Joke Collection Website - Blessing messages - How to capture popular comments of Netease Cloud Music with Python
How to capture popular comments of Netease Cloud Music with Python
order
Recently, I have been studying the content related to text mining. The so-called clever woman cannot cook without rice. If you want to analyze the text, you must first get the text. There are many ways to obtain text, such as downloading ready-made text documents from the Internet or obtaining data through APIs provided by third parties. But sometimes the data we want cannot be obtained directly, because there is no direct download channel or API for us to obtain the data. So what should we do at this time?

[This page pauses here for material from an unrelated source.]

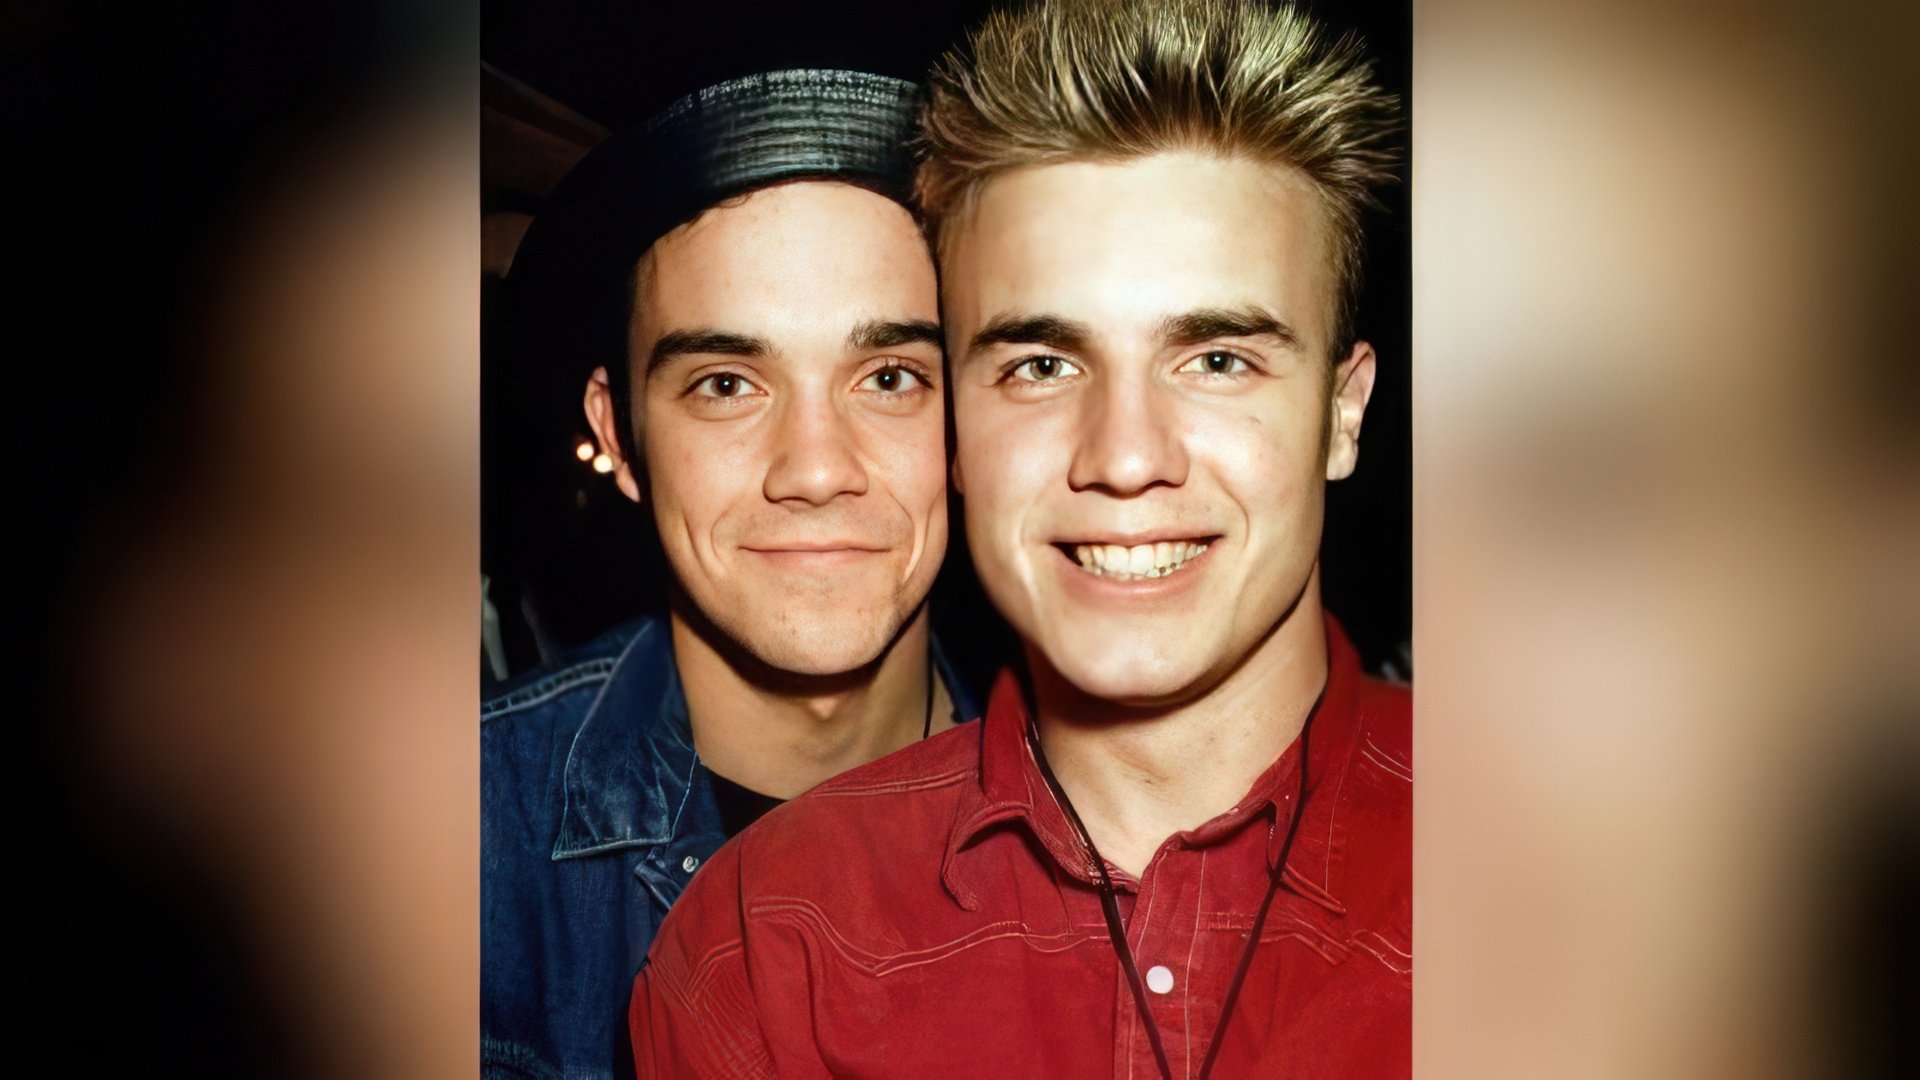 Robbie Williams and Gary Barlow were rivals

There is a better way to get the desired data through web crawler, which is to write computer programs to pretend to be users. With the high efficiency of computer, we can get data conveniently and quickly.
About reptiles
So how do you write reptile? There are many languages that can write reptiles, such as Java, php, python and so on. Personally, I prefer python. Because python not only has a powerful built-in network library, but also many excellent third-party libraries, others made wheels directly, so we can just use them, which brings great convenience to writing reptiles. It is no exaggeration to say that you can actually write a small crawler with less than 10 lines of python code, while you can write a lot of code in other languages. Simplicity is a great advantage of python.
Well, before it's too late, let's get down to business today. In recent years, Netease cloud music has become popular. I am a user of Netease Cloud Music myself, and I have used it for several years. I used to use QQ music and cool dogs. Based on my own personal experience, I think the biggest feature of Netease Cloud Music is accurate song recommendation and unique user comments (solemnly declare! ! ! This is not a soft article, not an advertisement! ! ! Only represents personal views, don't spray if you don't like it! )。 There are often some divine comments that are praised a lot under a song. In addition, Netease Cloud Music moved selected user comments to the subway a few days ago, and Netease Cloud Music's comments were on fire again. So I want to analyze Netease Cloud's comments, find out the rules, and especially analyze the characteristics of some hot reviews. With this goal in mind, I started grabbing comments from Netease Cloud.
online library
Python has two built-in network libraries, urllib and urllib2, but neither of them is particularly convenient to use, so here we use a well-received third-party library, requests. With the request, you only need a few lines of code to set up the proxy, simulate login and other complex crawler work. If pip is already installed, you can use pip installation request to install directly.
The address of Chinese document is here = (organic) | utmcmd = organic; playerid = 8 15689 1 1; _ _ utmb = 94650624 . 23 . 10. 1490672820 ",
Connection':' Keep Alive',
Quoted by ":/"}
# Set proxy server
Agent = {
Element (url):
hot_comments_list = []
Hot_comments_list.append(u "user ID user nickname user avatar address comment time likes total comment content")
Params = get_params( 1) # Page 1
encSecKey = get_encSecKey()
json_text = get_json(url,params,encSecKey)
json_dict = json.loads(json_text)
Hot _ comments = JSON _ dict ['Top Comments'] # Top Comments
Print ("* * * has %d popular comments!" % len (popular comment))
For items in popular comments:
Comment = item['content'] # comment content
LikedCount = item['likedCount'] # Always like numbers.
Comment_time = item['time'] # comment time (timestamp)
UserID = item[' User'] ['User ID'] # Commenter ID
Nickname = Project ['User'] ['Nickname'] # Nickname
Avatar website = project ['user'] ['avatar website'] # avatar address
Comment_info = userID+""+nickname+"+avatar URL+""+comment _ time+""+likedcount+""+comment+u" "
hot _ comments _ list . append(comment _ info)
Return to the list of popular comments
# Capture all comments on a song
Define get all comments (url):
All_comments_list = [] # Store all comments.
All_comments_list.append(u "user ID user nickname user avatar address comment time likes total comment content) # header information
params = get_params( 1)
encSecKey = get_encSecKey()
json_text = get_json(url,params,encSecKey)
json_dict = json.loads(json_text)
comments _ num = int(JSON _ dict[' total '])
if(comments_num % 20 == 0):
- Previous article:How long can Changzhou find out the violation?
- Next article:How to deal with the delay of receiving SMS by mobile phone! !
- Related articles
- It turns out that every short message that can make me turn around is an episode of your regretful moment.
- 315 exposed low-end children’s smart watch: a walking peeping device
- Is it illegal to expose Lao Lai on the Internet?
- Tc is the abbreviation of which city in China.
- Why can't my mobile card work? You can't plug in other mobile phones or send text messages. The prompt is "Please check the network settings".
- Small class warm reminder short content
- I received a text message today, saying that I want to fall in love with you, okay? I answered who he was and never answered me again, wondering if he was a liar.
- Can mobile and multi-number extensions be found out by others?
- Why can't WeChat send messages? What happened?
- Overdue credit cards have been negotiated for repayment. Why did you send a text message about the publicity period?